= National Register of Historic Places listings in Aleutians West Census Area, Alaska =

Location of the Aleutians West Census Area in Alaska

This is a list of the National Register of Historic Places listings in Aleutians West Census Area, Alaska.

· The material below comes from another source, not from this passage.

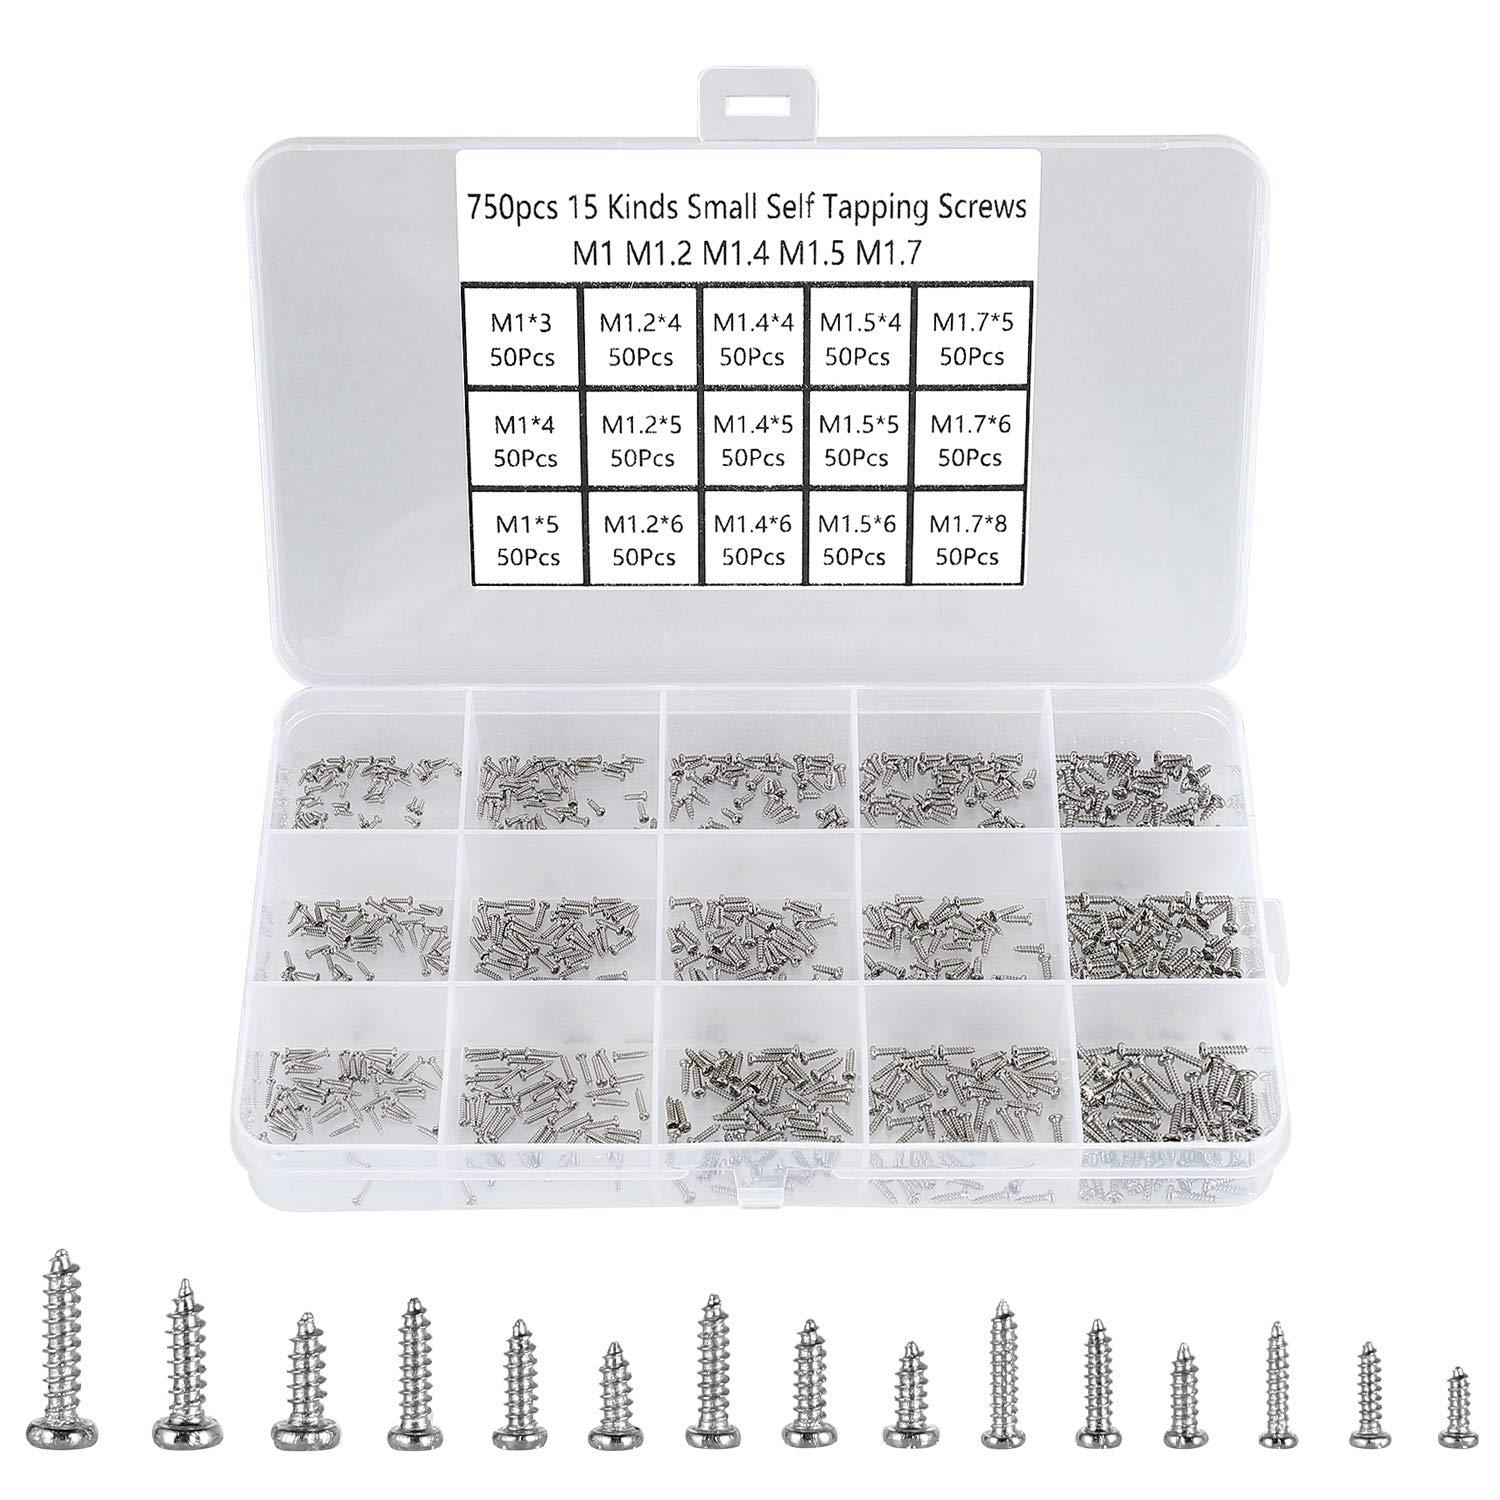 HanTof 750pcs Silver Tiny Screws for Electronics, M1, M1.2, M1.4, M1.5, M1.7 Very Small Phillips Pan Head Self Tapping Screws

This is intended to be a complete list of the properties and districts on the National Register of Historic Places in Aleutians West Census Area, Alaska, United States. The locations of National Register properties and districts for which the latitude and longitude coordinates are included below, may be seen in a Google map.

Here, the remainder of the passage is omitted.